Ненастный день уже склонялся к вечеру, сырая изморозь вбиралась незаметно в некошное полукафтаньишко стоявшего на углу стены острожка Субботы, дневального. В одежде, мало-помалу намокавшей, начинал он чувствовать сильную дрожь по телу при каждом порыве небойкого ветерка, не разгонявшего туч. Субботе дневанья своего отбывать уж немного оставалось — всего до отданья первых ночных часов; а там с устатку можно было сладко поспать в сторожке целую ночь, без тревоги. Мысль о тепле и отдыхе — единственных наслаждениях угрюмого быта такой трущобы, как здешняя, — получала самые привлекательные краски в картине ожидания. Есть люди, конечно, неспособные развлекаться мечтами, их и не посещающими; но сколько молодых живых существ сродняется с мечтою в неприглядном житье-бытье, из которого рвутся они на простор сердцем?

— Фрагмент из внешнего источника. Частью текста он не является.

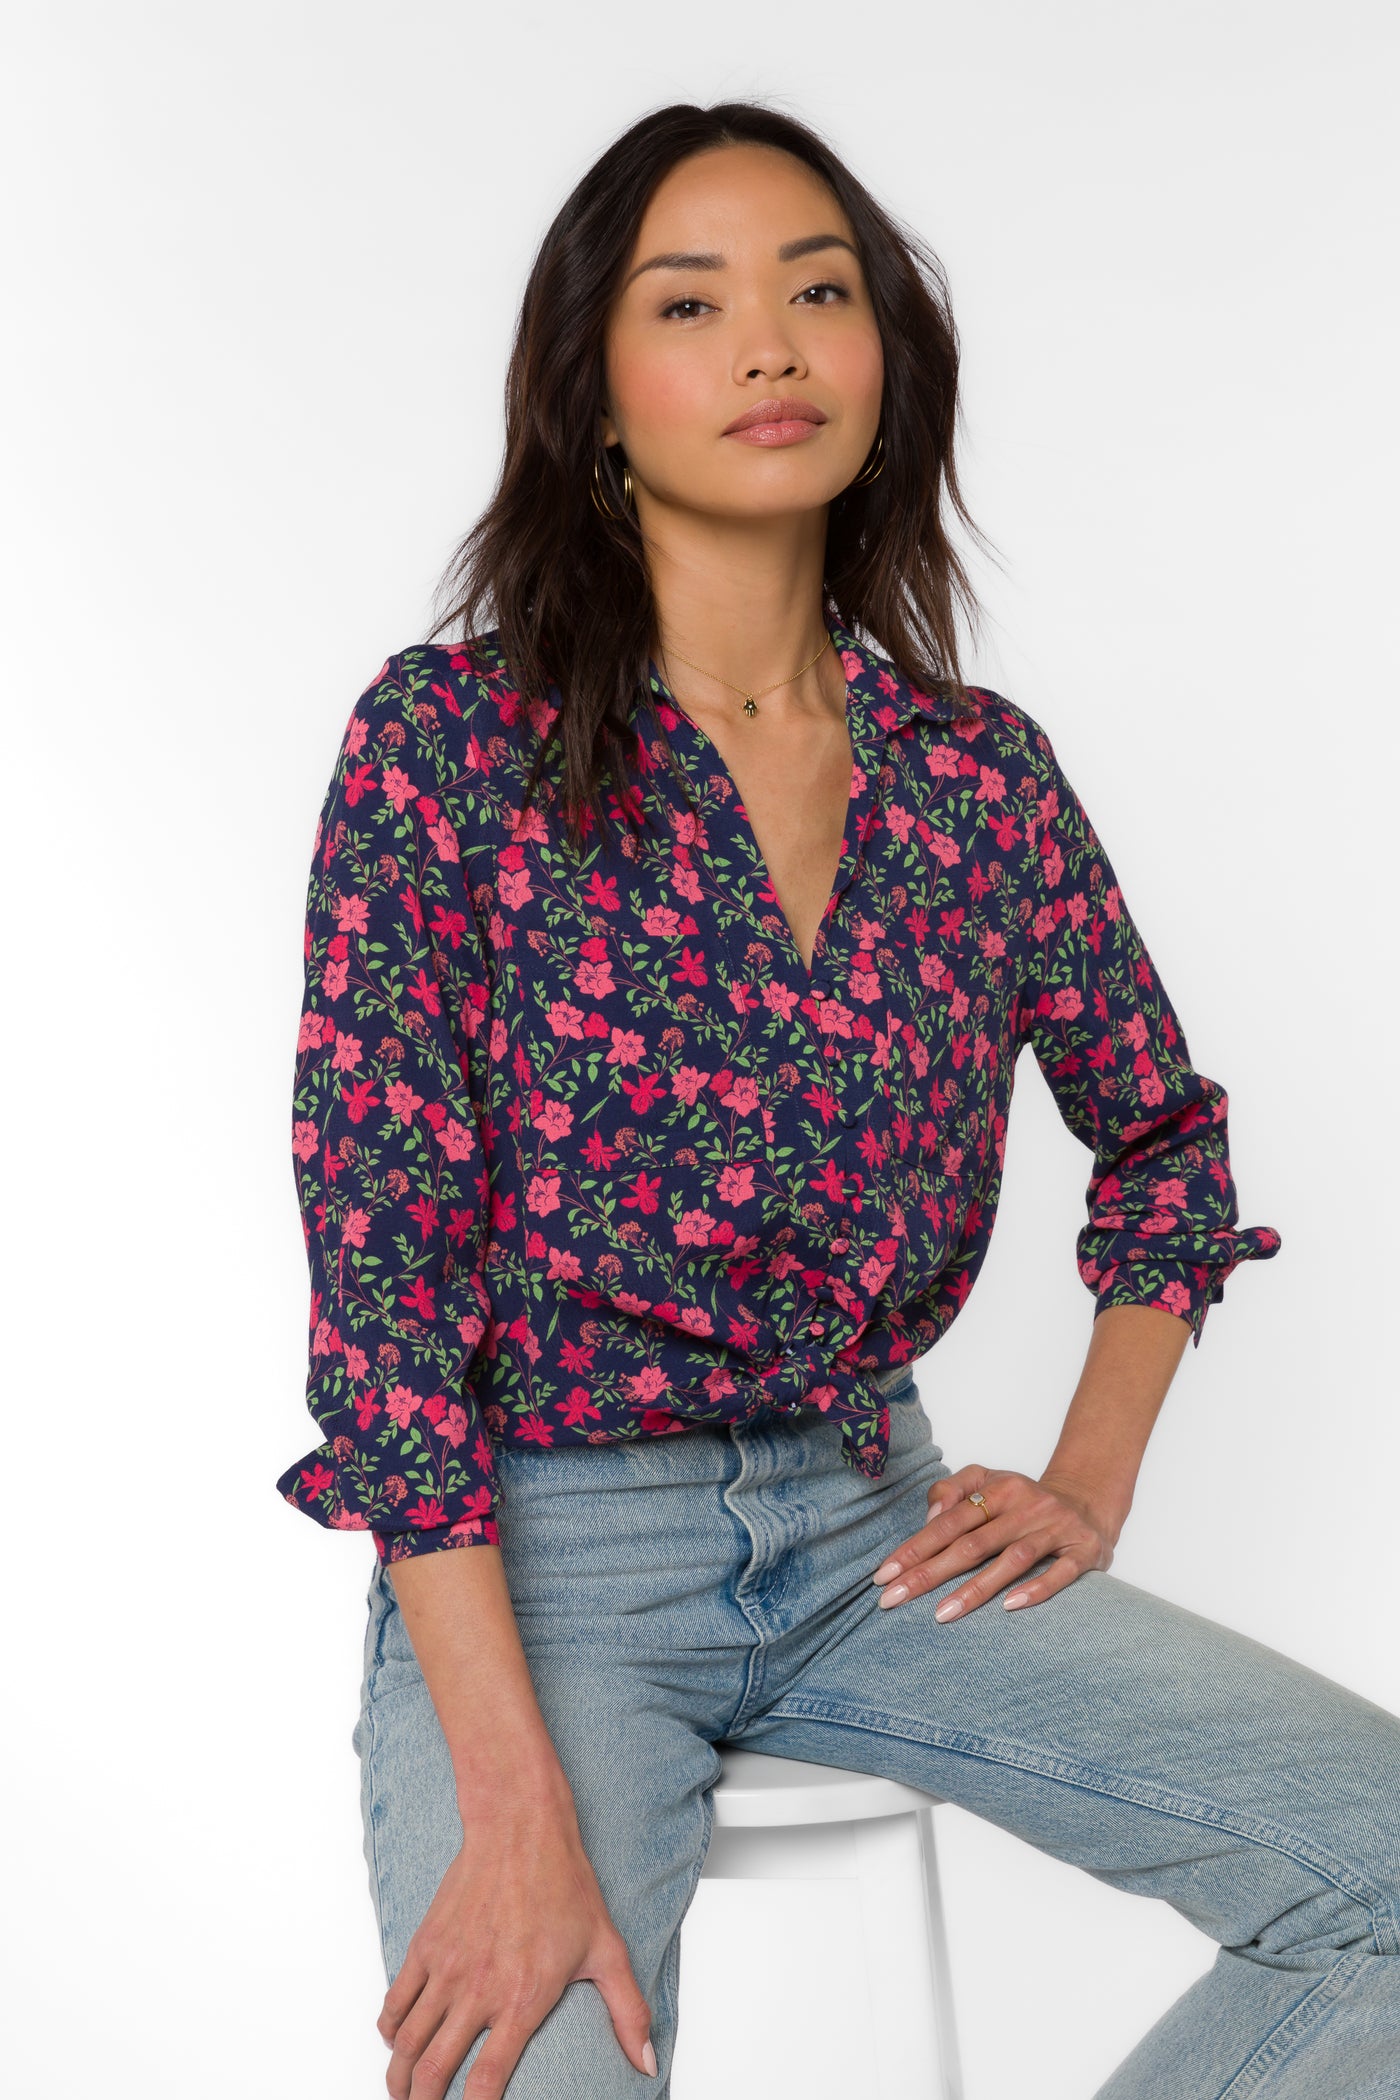 Eleni Ditsy Floral Shirt - Tops - Velvet Heart Clothing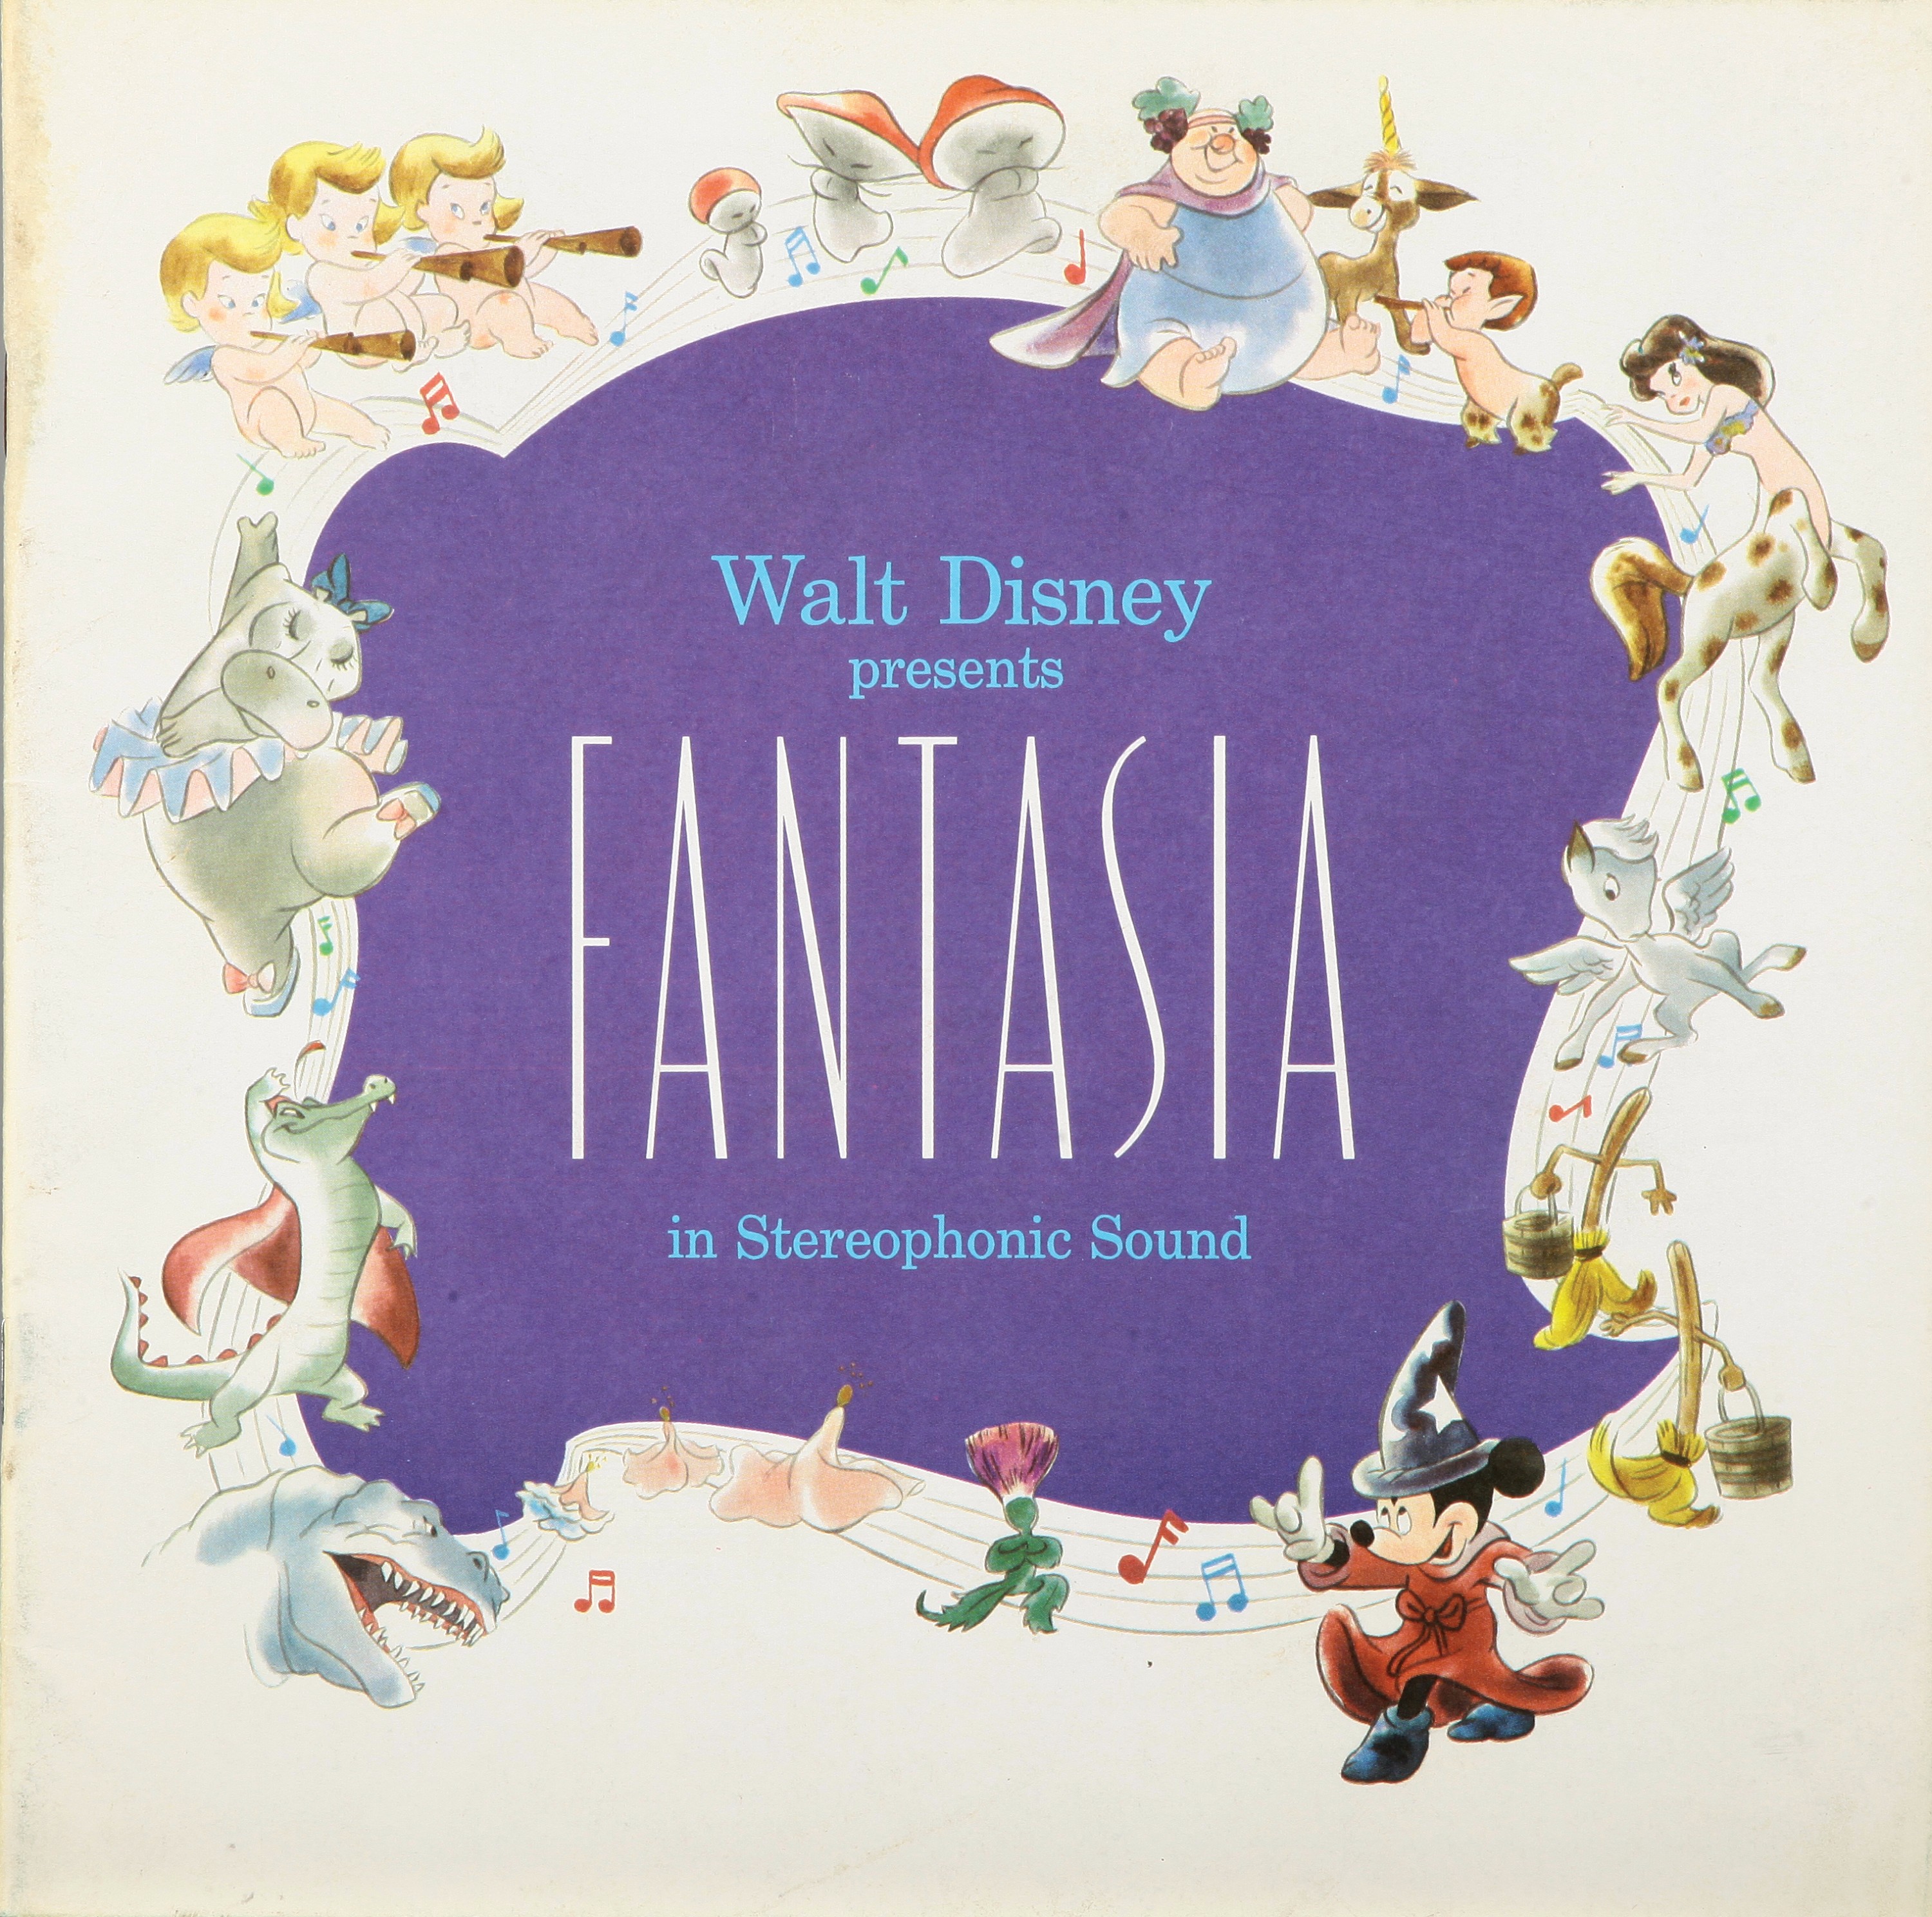 La copertina dell’album “Fantasia”, che contiene la colonna sonora dell’omonimo film

Суббота был из числа таких жаждущих какой бы ни было перемены положения, сделавшегося ему невыносимым. И вдруг, раньше ожидаемого, поднимается на стену сменный дневальный. Передавать ему нужно было только саадак, сбросив из-за плеч.
— Ступай к голове...
— Это зачем?
— Велено.
Ходить недалеко; закута набольшего была в одной же связи с общей сторожкой. Отворил дверь с другого конца сеней — и у головы.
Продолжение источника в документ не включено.